Closed sdwfrost closed 10 years ago
Hi @sdwfrost
In response to your first question: I really like the idea of the structured tree extension, and will definitely add this. I agree it's best to do this in MASTER; string processing in R is computationally expensive. In the mean-time, perhaps it would be better to use Python/perl to do the processing you're doing above? Or is it APE's parsing of the Newick files that's causing the slow-down?
Regarding your second: the closest related feature that currently exists in MASTER is the leafCountEndCondition, which stops the simulation once a particular number of leaves has been reached. It's currently fairly basic, however, and you can't specify a population that the leaves must belong to or a reaction that they must be related to.

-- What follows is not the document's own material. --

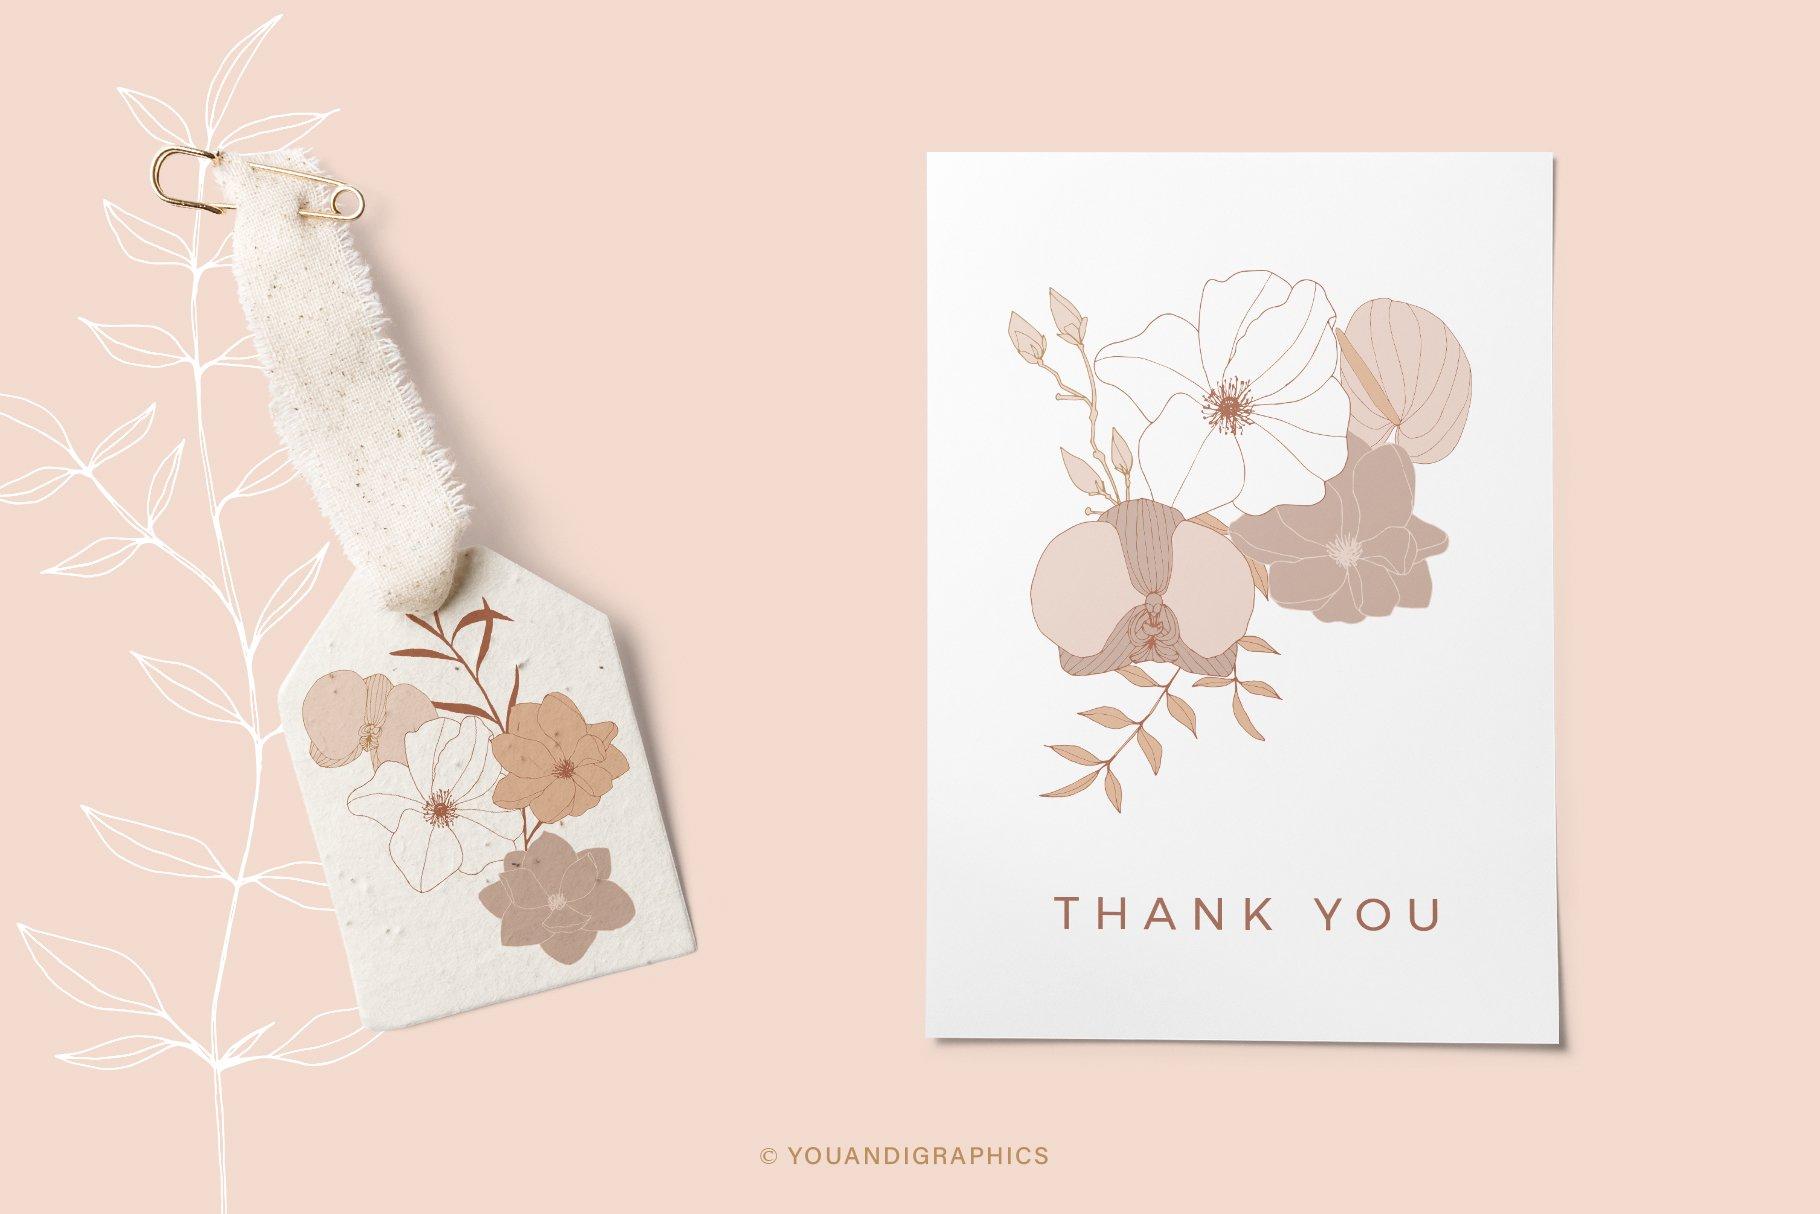 手绘盛开花卉花朵矢量无缝隙图案素材 Blooming Garden Floral Patterns插图(9)
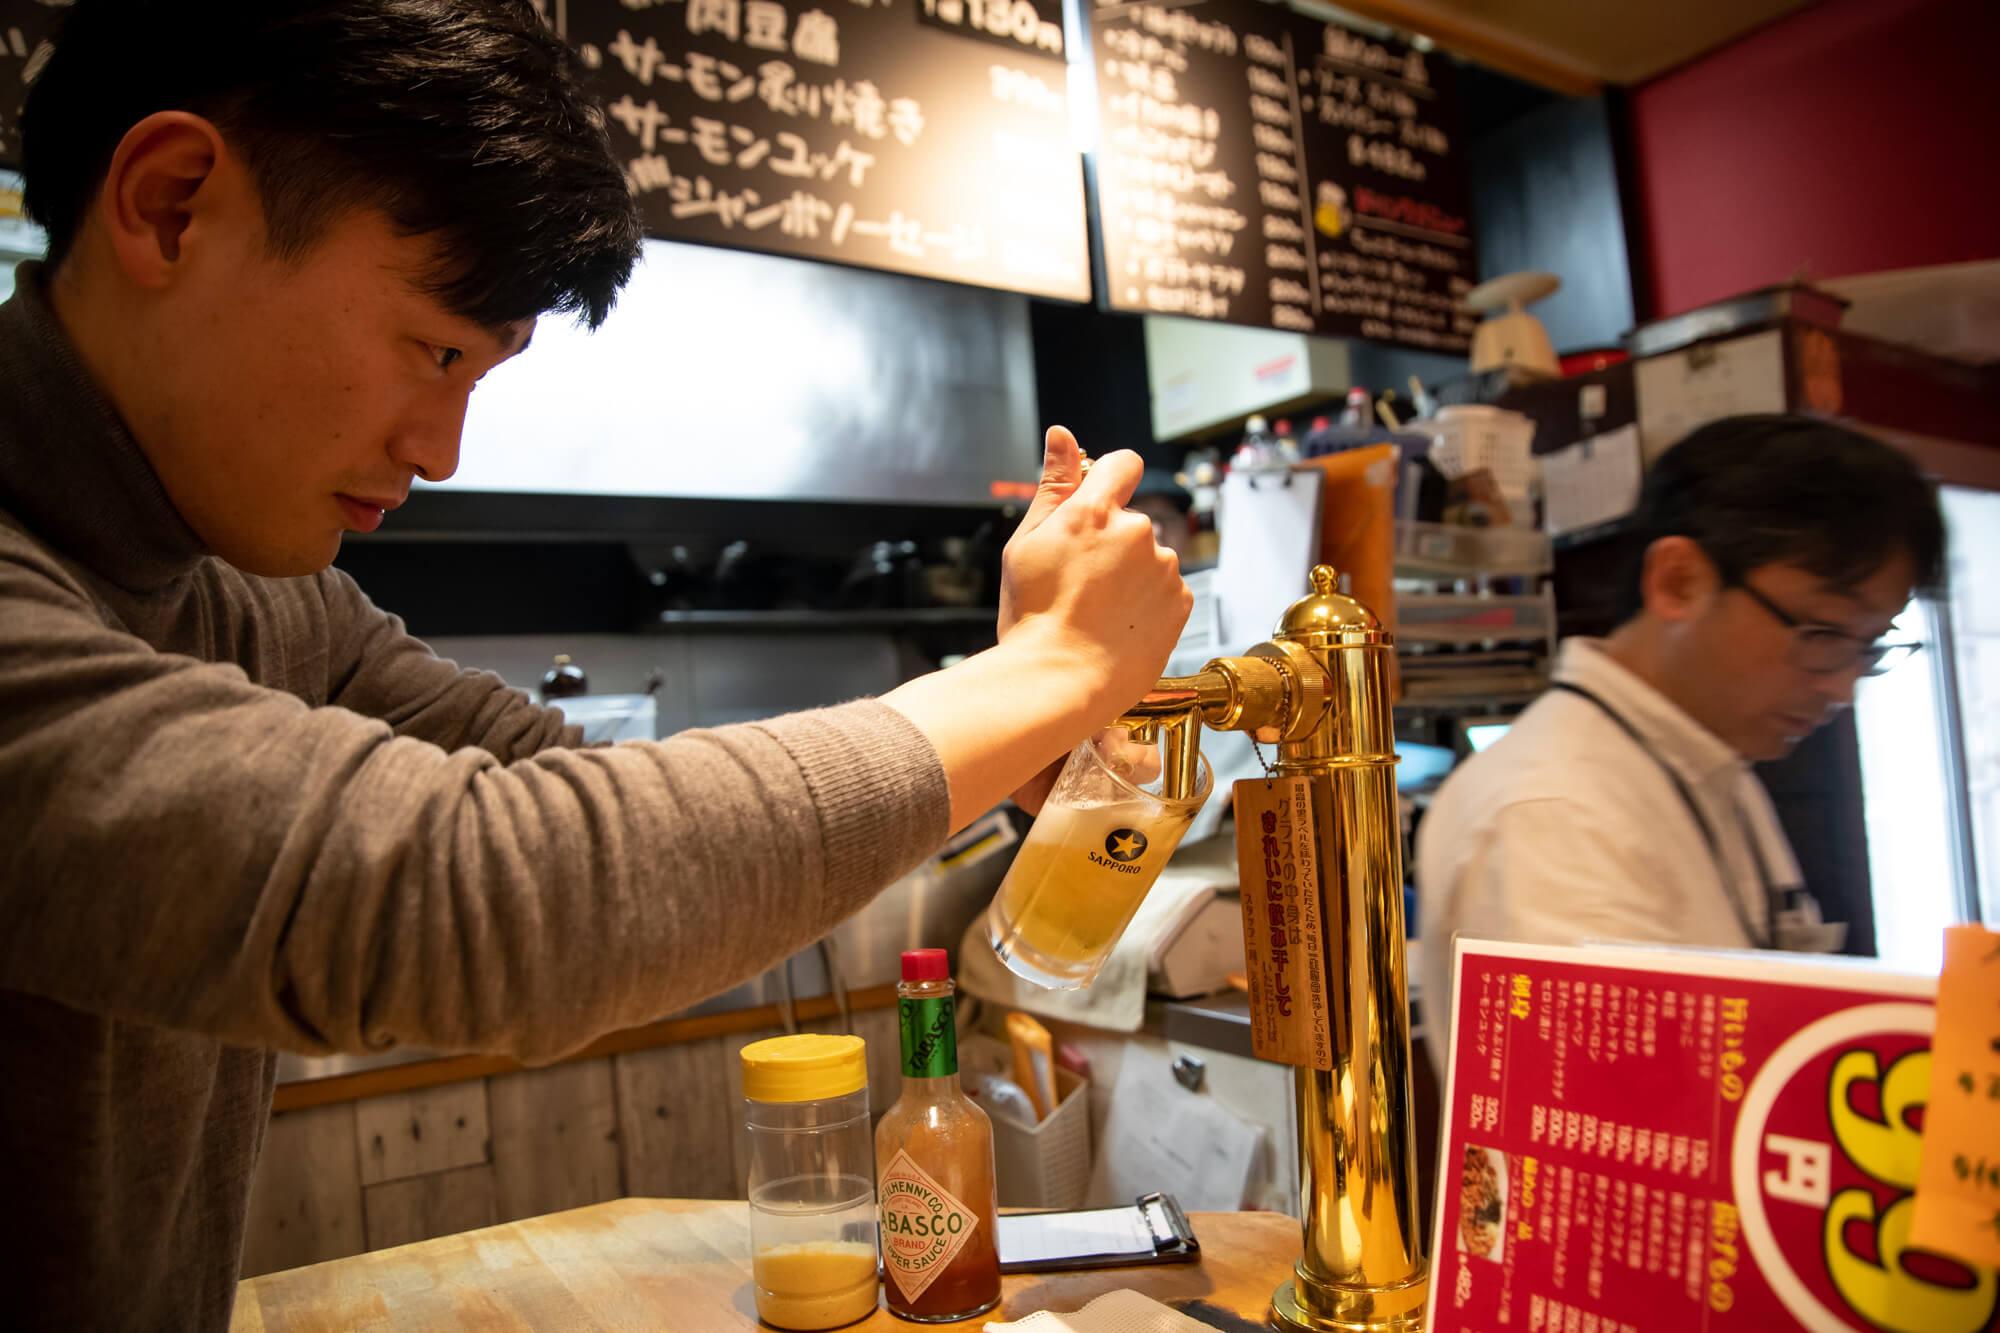 ローマ軒 大阪駅前第3ビル店 ビール飲み放題30分600円

Actual post-simulation conditioning on leaf count doesn't currently exist at all, unfortunately. However, there are a number of people asking questions about this (myself included!) so I definitely want to add this in before the next release.
Thanks for your suggestions!
Hi @tgvaughan
Thanks for considering the feature. I coded up the text processing in Python, which speeded things up considerably. I also have some code to plot output, plus some more example models. If you think these might be useful (once I've worked out all the kinks), I'd be happy to submit a pull request.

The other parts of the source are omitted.